I woke with a start. What memory was this? I knew that the place was Scotland. I knew it was Donnelaith. And I knew that it had to be centuries ago. And yet the memory had been mine, fresh and clear, and immediate as only memory can be.

I rushed to my desk and scribbled it all down. Up came the fiend, weak and vague and without a form, his voice only a suggestion. “What are you doing, Julien?”

“I might ask you the same thing I” I said. “Did you enjoy your romp?”

“Yes, Julien. I want to do it again, Julien. Now. But I am too weak.”

“Small wonder. Go off and make like smoke. I’m exhausted too. We’ll do it…”

“…as soon as we can.”

“All right, all right, you devil.”

I shoved the pages into the desk. I lay in a dead sleep, and when I woke it was sunlight and I knew I’d been again in the Cathedral. I remembered the rose window. I remembered the carving of the saint on top of its tomb. And the people singing…

What could this mean, I thought? This demon is in fact a saint? No, no. A bad angel fallen into hell. What? I don’t know. Or did he serve some saint, venerate him, and then…what?

But the point is there could be no doubt these were mortal memories. The thing remembered being flesh; it had those memories in itself, and they had been left with me, who was perhaps the only one who could examine them. No doubt the fiend knew the memory of its fleshly self was there, but the fiend couldn’t really think! The fiend used us to think! The fiend would only know what it had been if I told it.

The idea was born in my mind. Each time, remember more. Be the fiend, and know the fiend, and ultimately you will possess the truth about it. If the truth can’t help, what can? “You tawdry, evil ghost!” I thought, “you are only someone who wants to be reborn. You have no right, you greedy greedy fiend. You have been alive. You are no wise or eternal thing. Go to hell and be gone.”
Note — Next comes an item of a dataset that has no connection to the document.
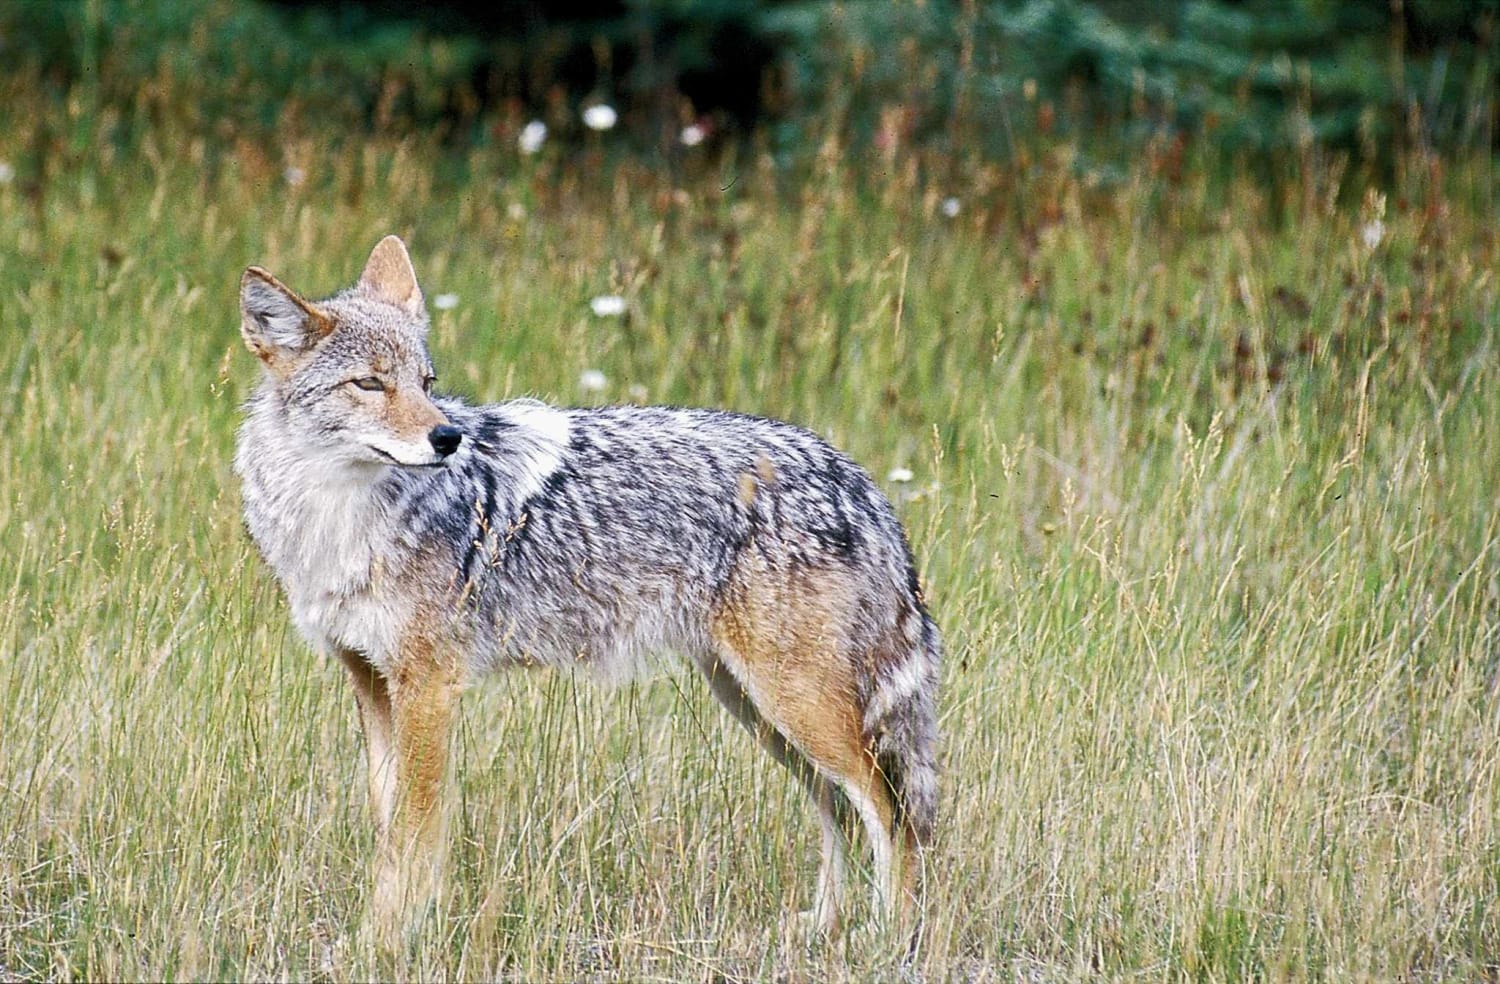 East Haddam woman fights coyote off with pitchfork, aided by donkey

I slept again, the livelong day, I was so tired.

That night I rode to Riverbend. I called up the band, told them to play “Dixie,” for the love of God, and then I sat with Mother. I told her. She would have none of it.

“First of all, he is all-powerful and from time immemorial.”

“The hell.”

“And next, he will know it if you pit your soul against his. He’ll kill you.”

“Likely.”

I never confided in her again. I don’t believe I ever really spoke to her again. I don’t think she much noticed.

I went into the nursery. The fiend was hanging about the cradle. I saw him in a flash, dressed as me, all full of mud, the way he’d been before. Idiot thing. I smiled.

“You want to come into me now?”

“Time to be with her, my baby,” he said. “See how beautiful she is. Your witches’ gifts are in her, yours and those from her mother’s mother, and her mother’s mother. And to think I might have wasted you.”

“You never know, do you? What do you learn when you are in me?”

He didn’t answer for a long while. Then he appeared in an even more brilliant flash, my spitting image as they say, and he glared at me, and smiled, and then he tried to laugh, but nothing came from his mouth, and he vanished. But what I’d caught was his improved mimicry; his greater love for my form.

I walked out. I now saw what I had to do. Study the problem when the thing was occupied with the baby. And keep it coming into me when it would, for as long as I could endure it.

The months passed. Mary Beth’s first-birthday party was a great fete. The city was booming again; the shadows of the war were gone; money was to be had everywhere. Mansions were rising uptown.